> **Work instruction**
Make an exact transcript of the lines in the data below, starting with the one containing "SugarLab Creative |" and going on through the one containing "BePureHome Spiegel 'Chain'", with both included and the pictures left out.

> **Provided records**
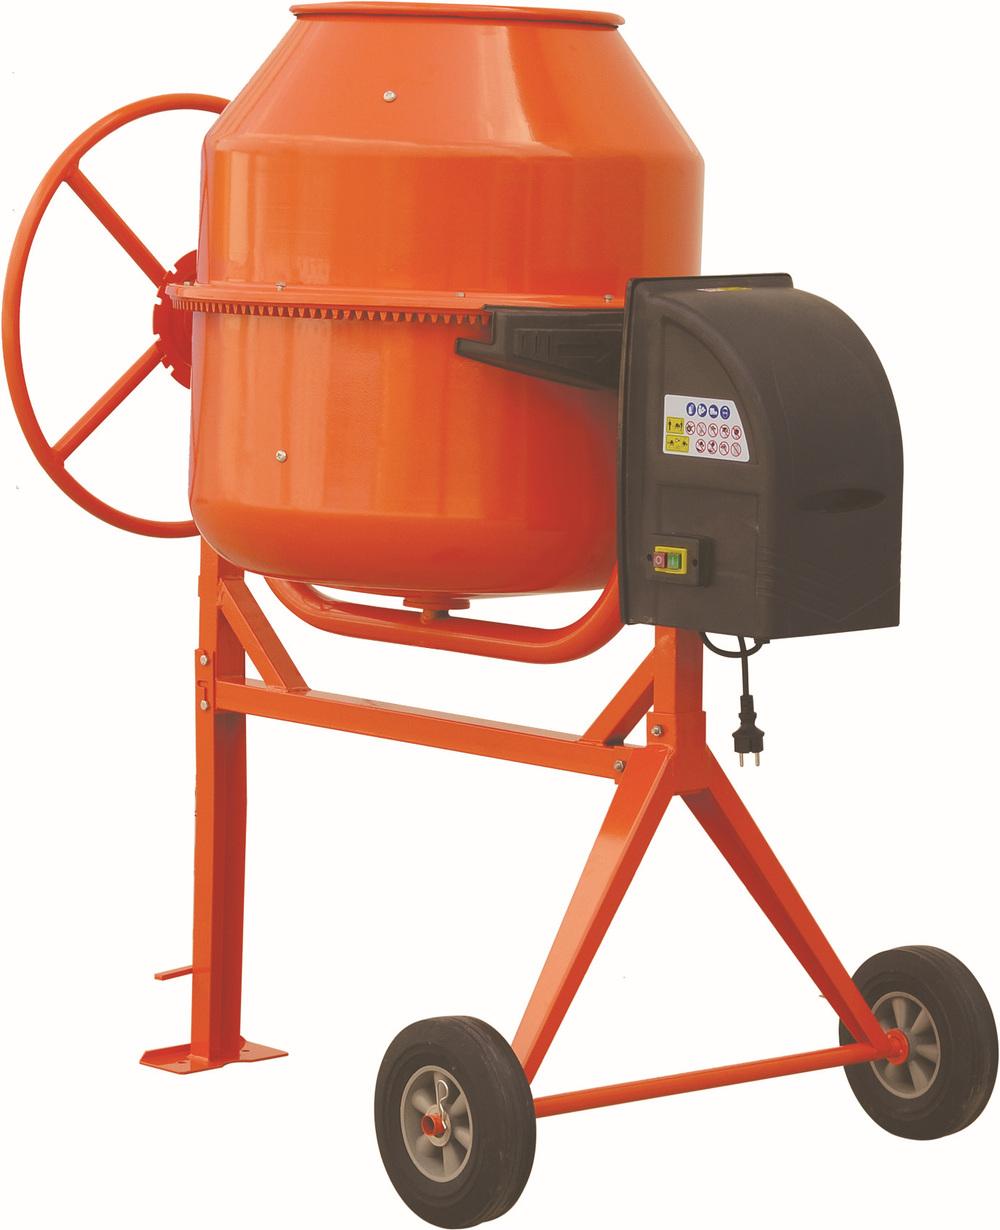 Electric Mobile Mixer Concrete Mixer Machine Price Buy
---
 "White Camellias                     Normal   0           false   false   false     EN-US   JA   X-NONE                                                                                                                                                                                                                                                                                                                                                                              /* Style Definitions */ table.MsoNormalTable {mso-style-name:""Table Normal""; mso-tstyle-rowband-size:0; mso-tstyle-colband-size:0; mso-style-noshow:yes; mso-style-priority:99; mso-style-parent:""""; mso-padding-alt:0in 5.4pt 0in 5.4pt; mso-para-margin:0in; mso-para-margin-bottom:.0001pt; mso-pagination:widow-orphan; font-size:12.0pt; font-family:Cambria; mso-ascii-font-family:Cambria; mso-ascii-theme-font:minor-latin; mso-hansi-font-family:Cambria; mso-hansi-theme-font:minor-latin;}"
==
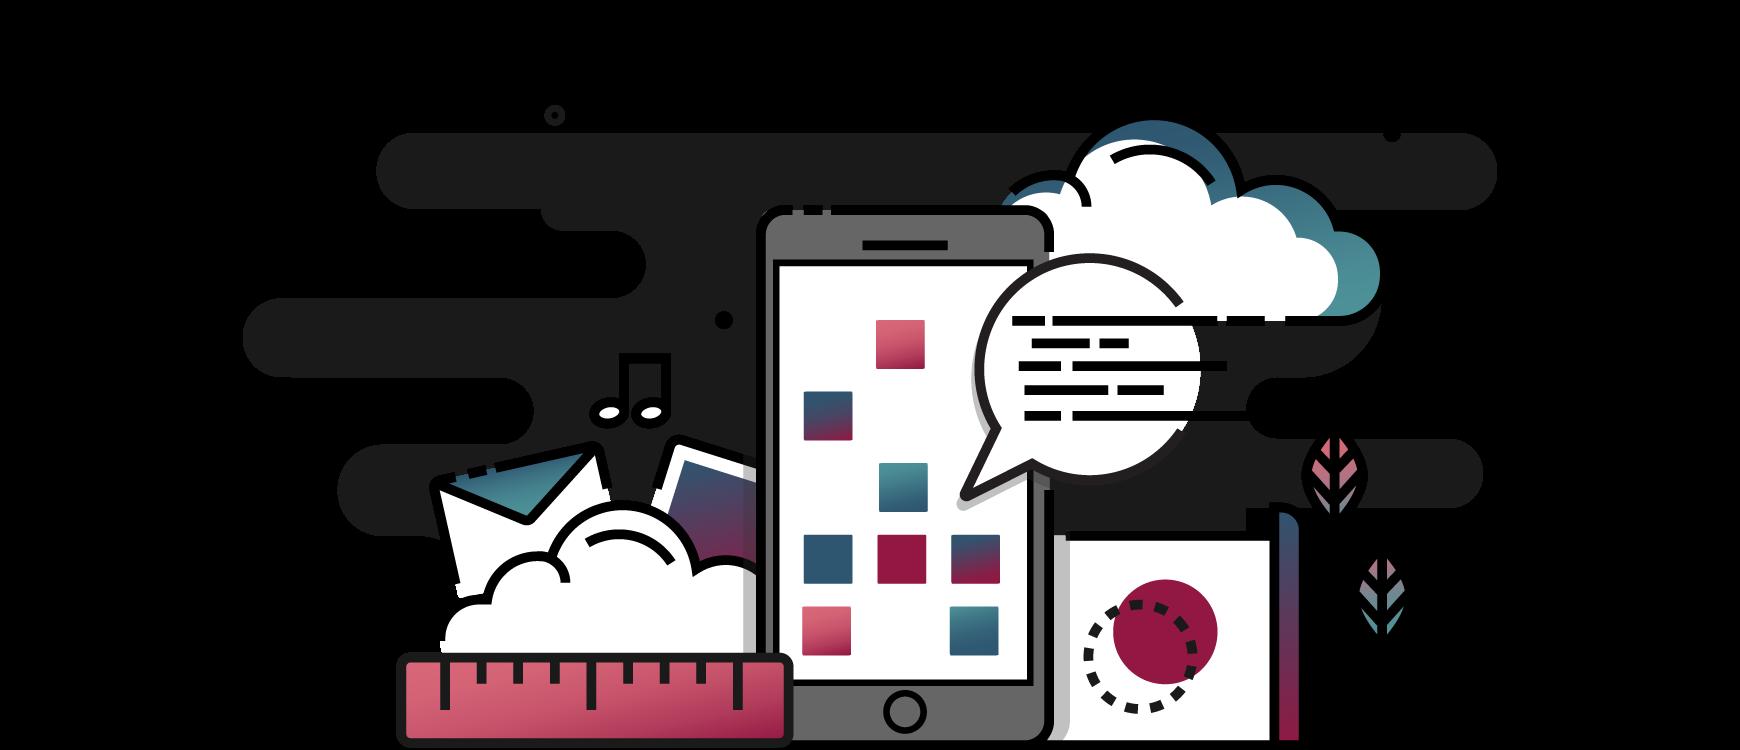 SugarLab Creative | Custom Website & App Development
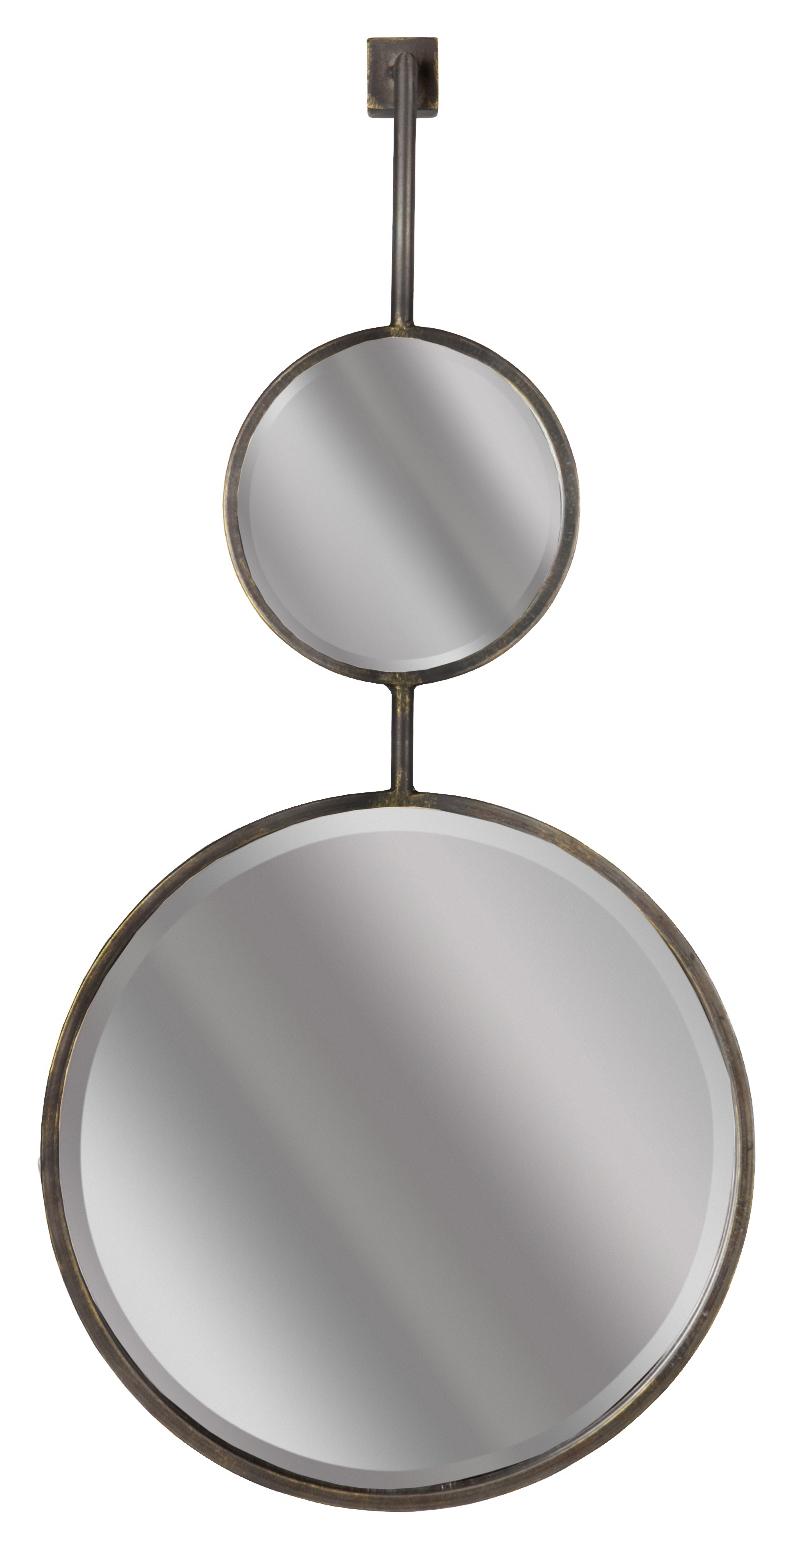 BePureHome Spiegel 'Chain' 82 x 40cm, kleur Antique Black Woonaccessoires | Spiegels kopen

> **Solved problem**
 SugarLab Creative | Custom Website & App Development
 BePureHome Spiegel 'Chain' 82 x 40cm, kleur Antique Black Woonaccessoires | Spiegels kopen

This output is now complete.